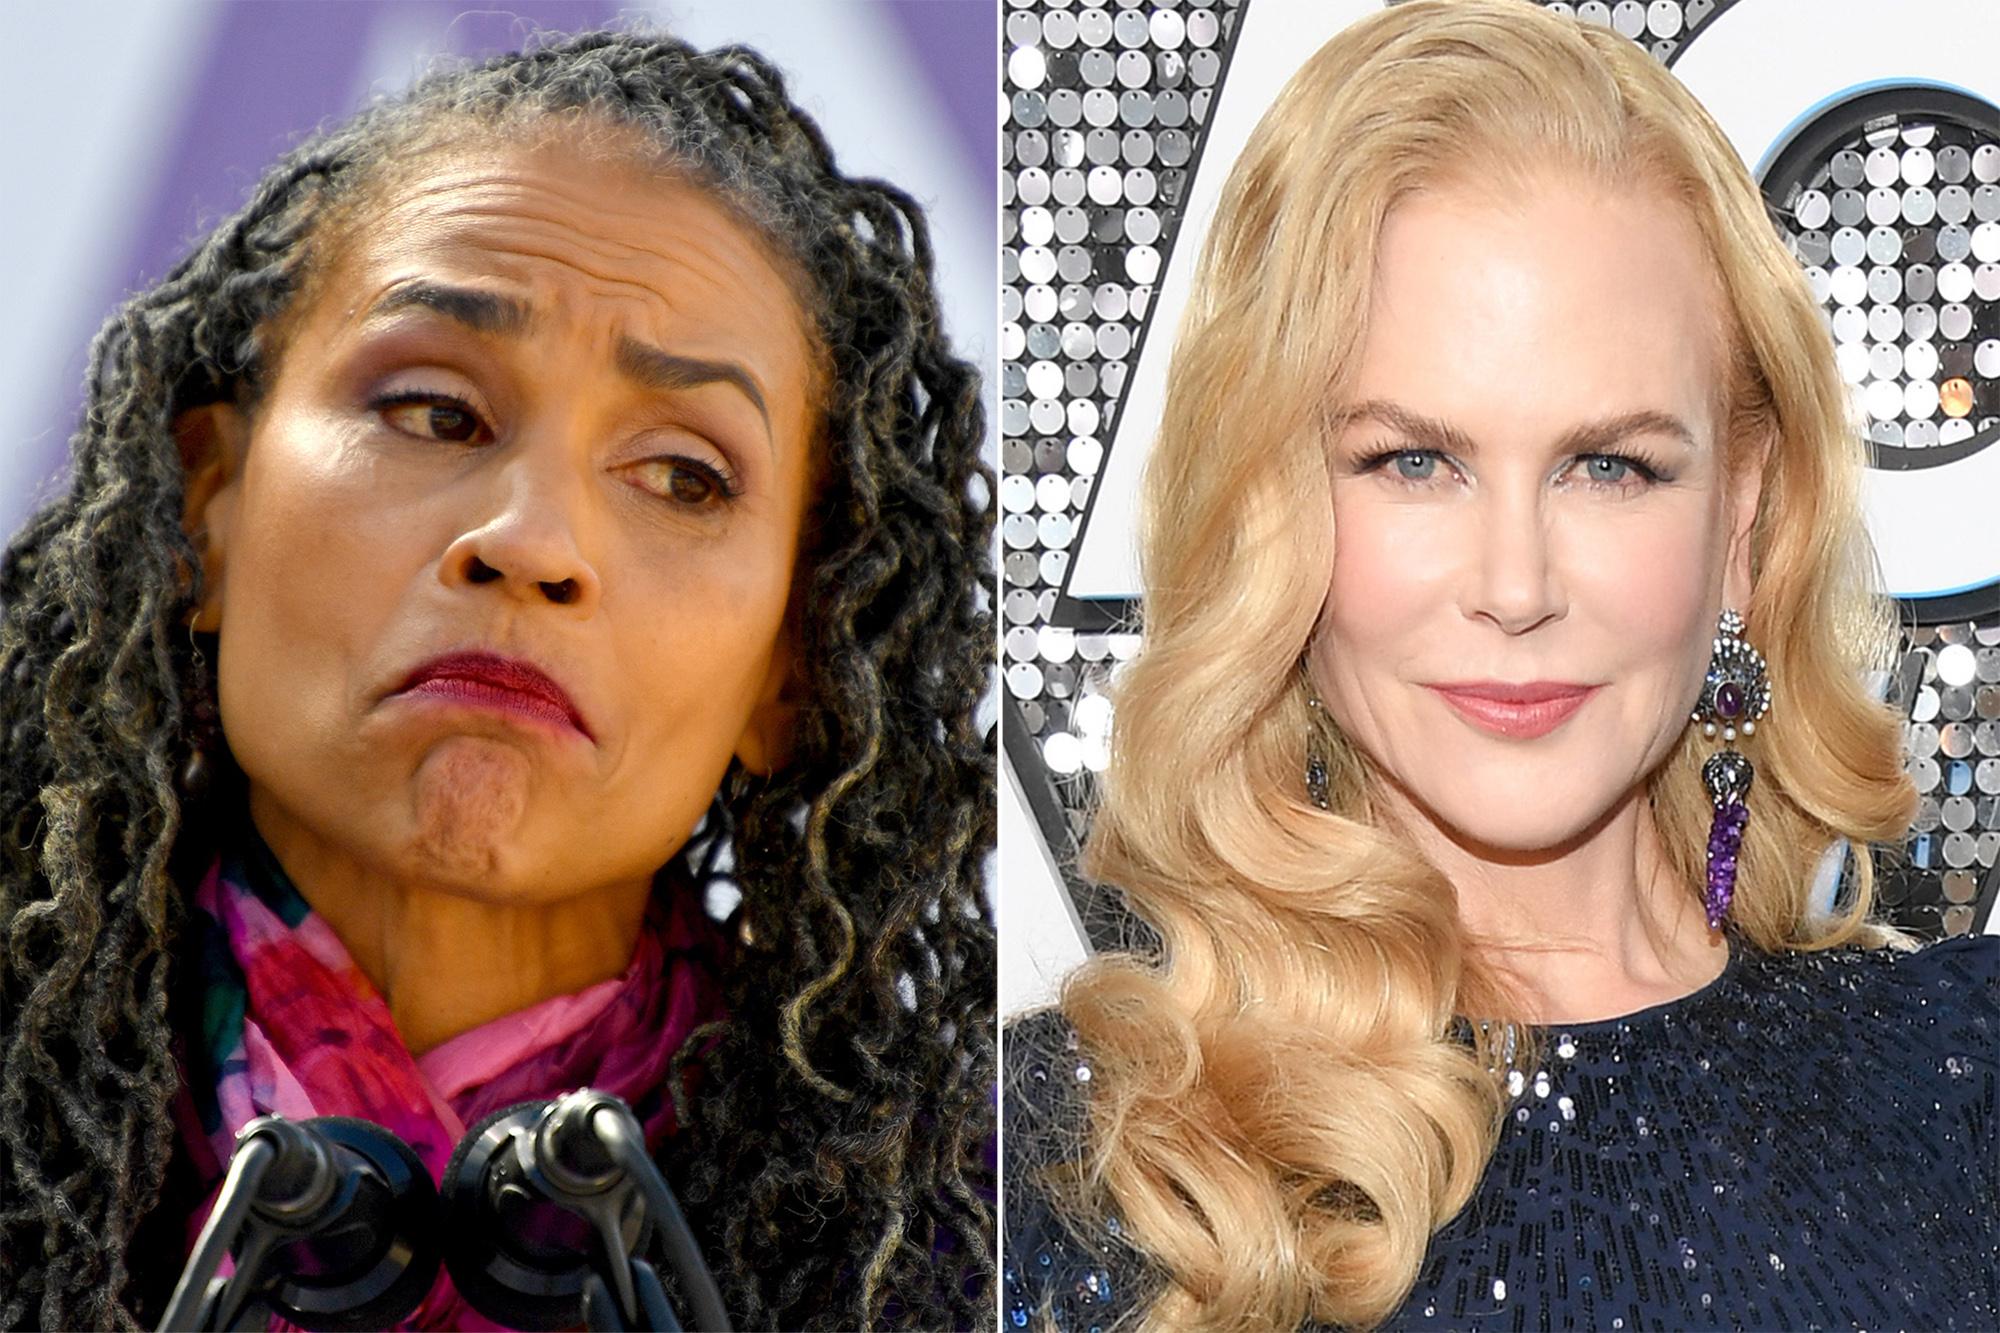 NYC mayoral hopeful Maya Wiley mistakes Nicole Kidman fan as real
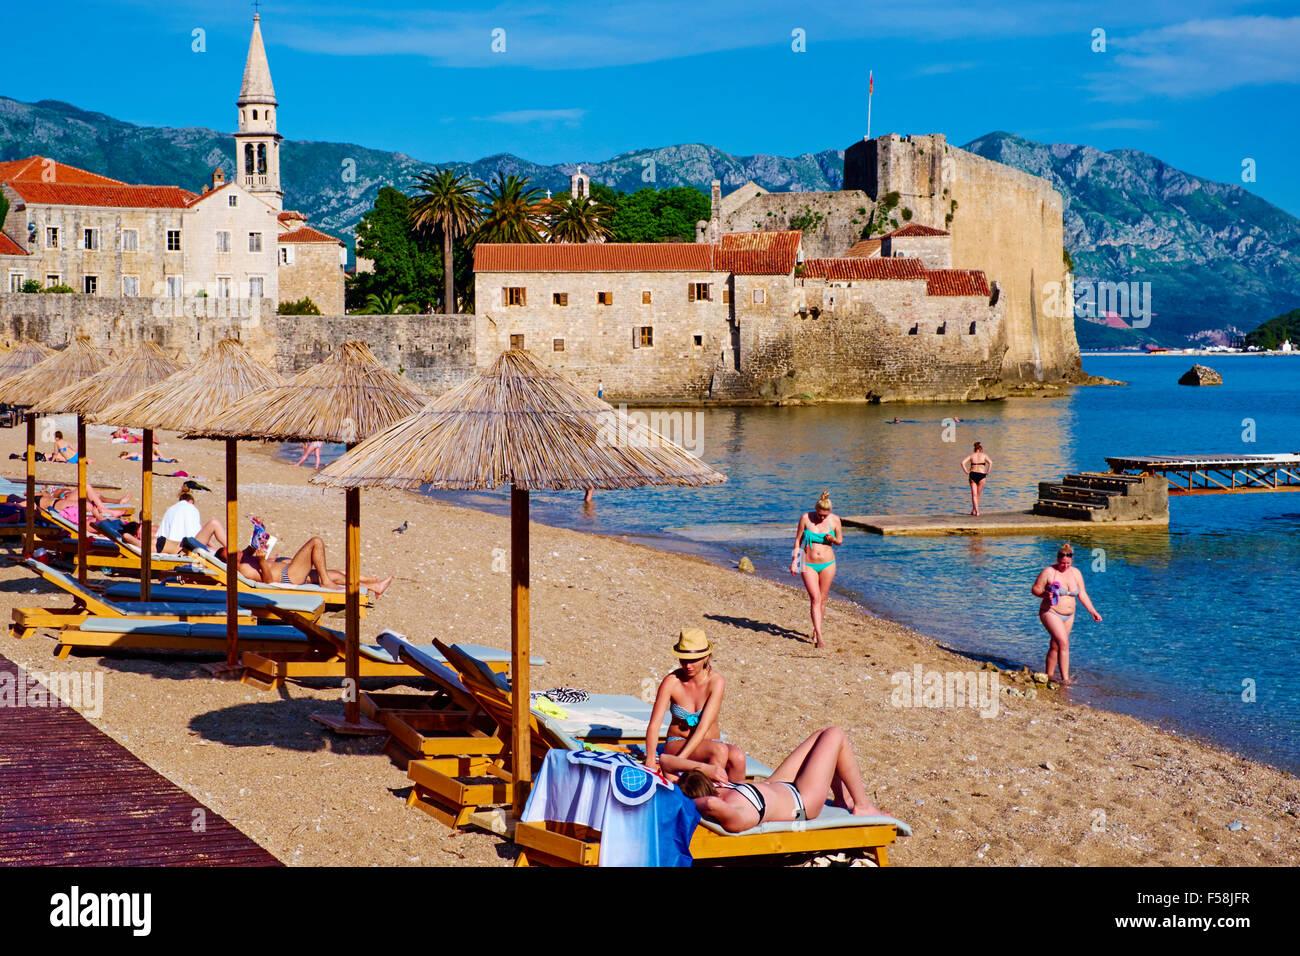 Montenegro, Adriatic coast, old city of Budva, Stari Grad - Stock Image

-=-=-

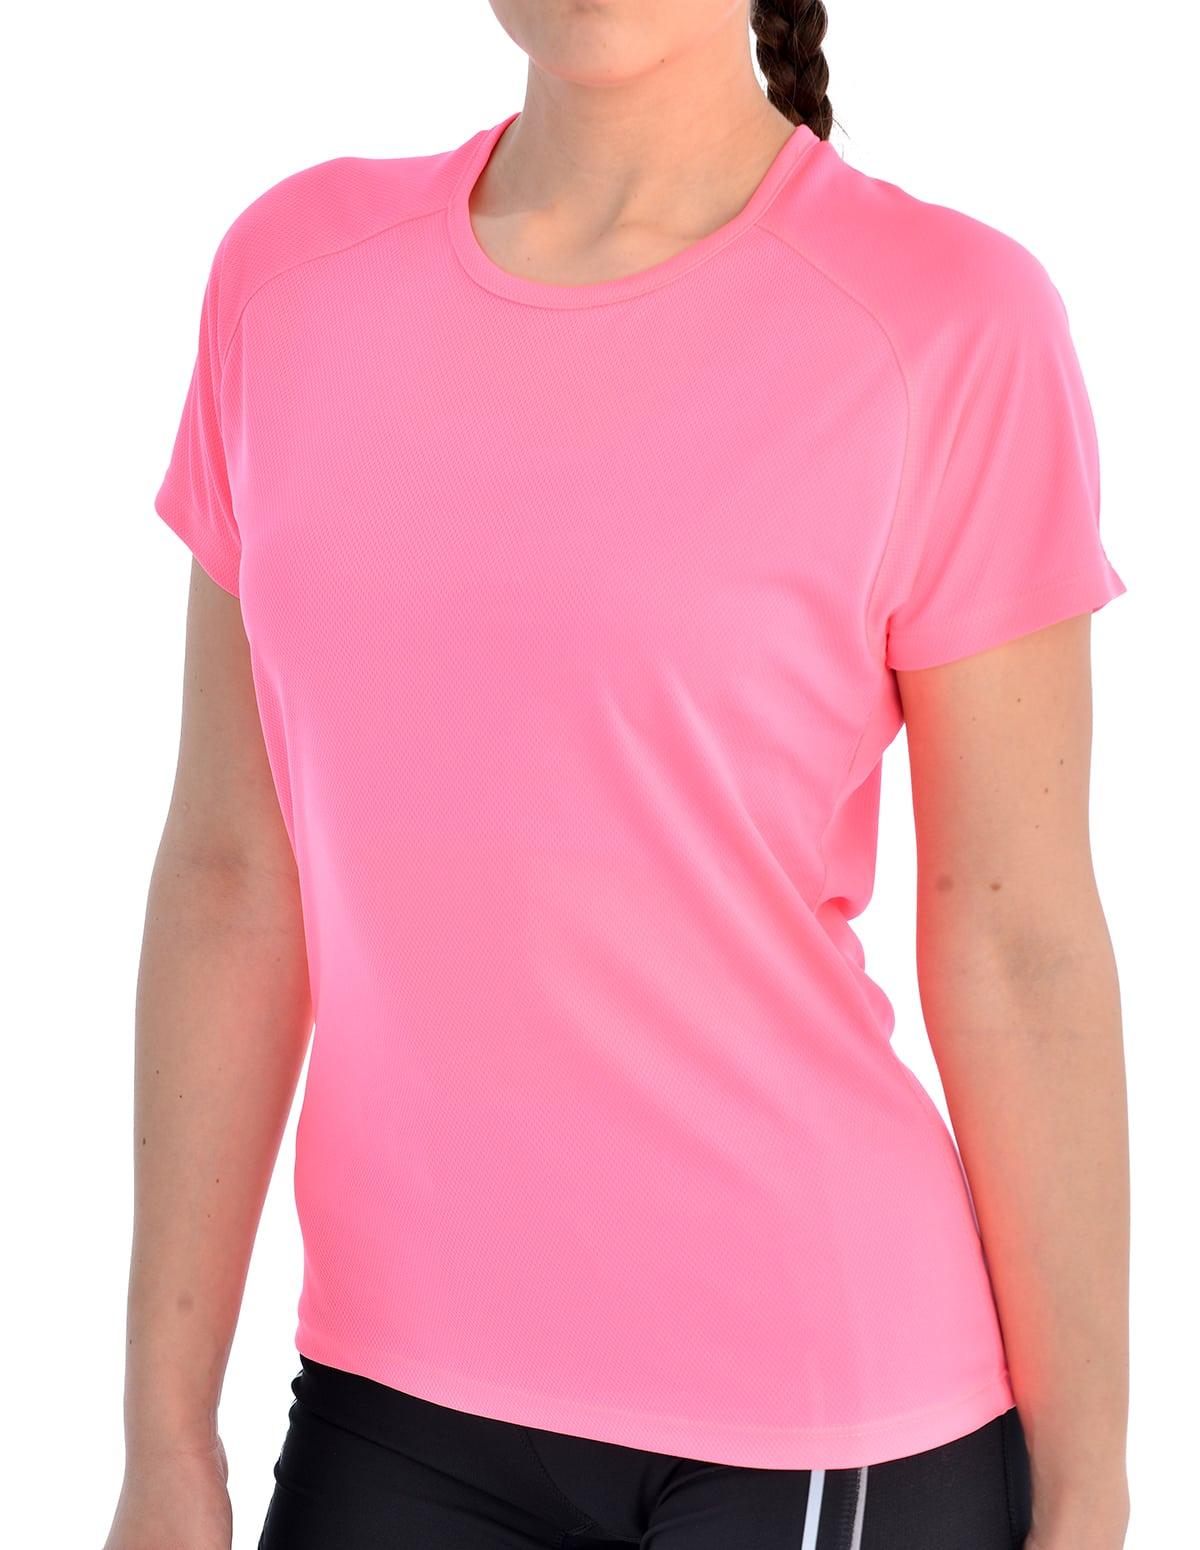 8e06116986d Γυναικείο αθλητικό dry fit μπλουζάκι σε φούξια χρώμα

-=-=-

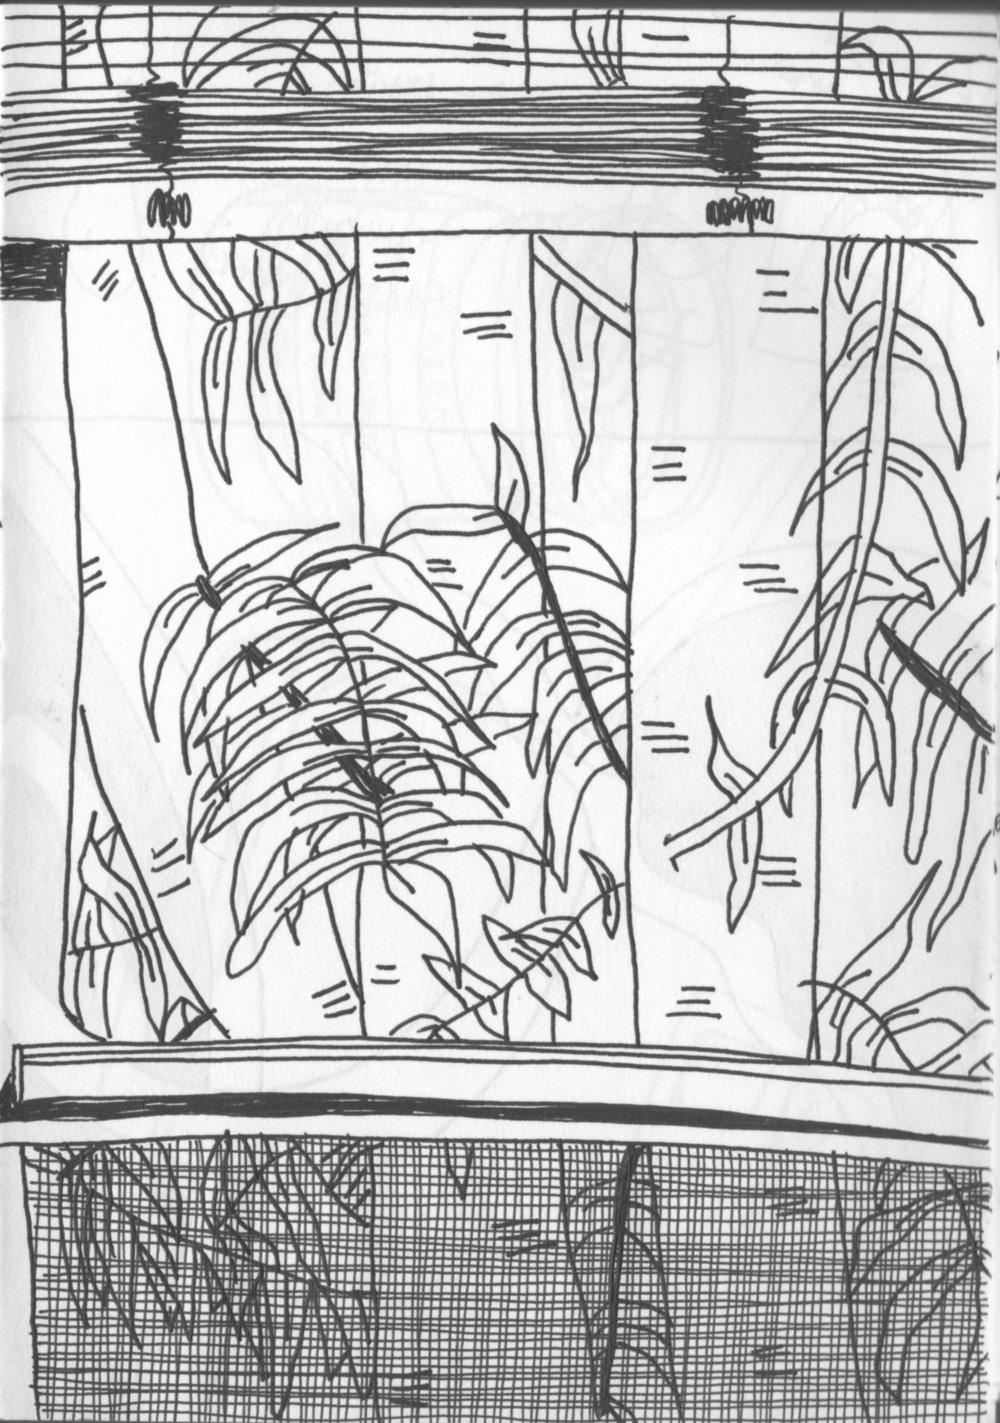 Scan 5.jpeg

-=-=-

**Activity**
Starting at the line above that holds "NYC mayoral hopeful", return each line up to and including the one that holds "Montenegro, Adriatic coast, old", exactly as written, minus any pictures.

**Output of the exercise**
 NYC mayoral hopeful Maya Wiley mistakes Nicole Kidman fan as real
 Montenegro, Adriatic coast, old city of Budva, Stari Grad - Stock Image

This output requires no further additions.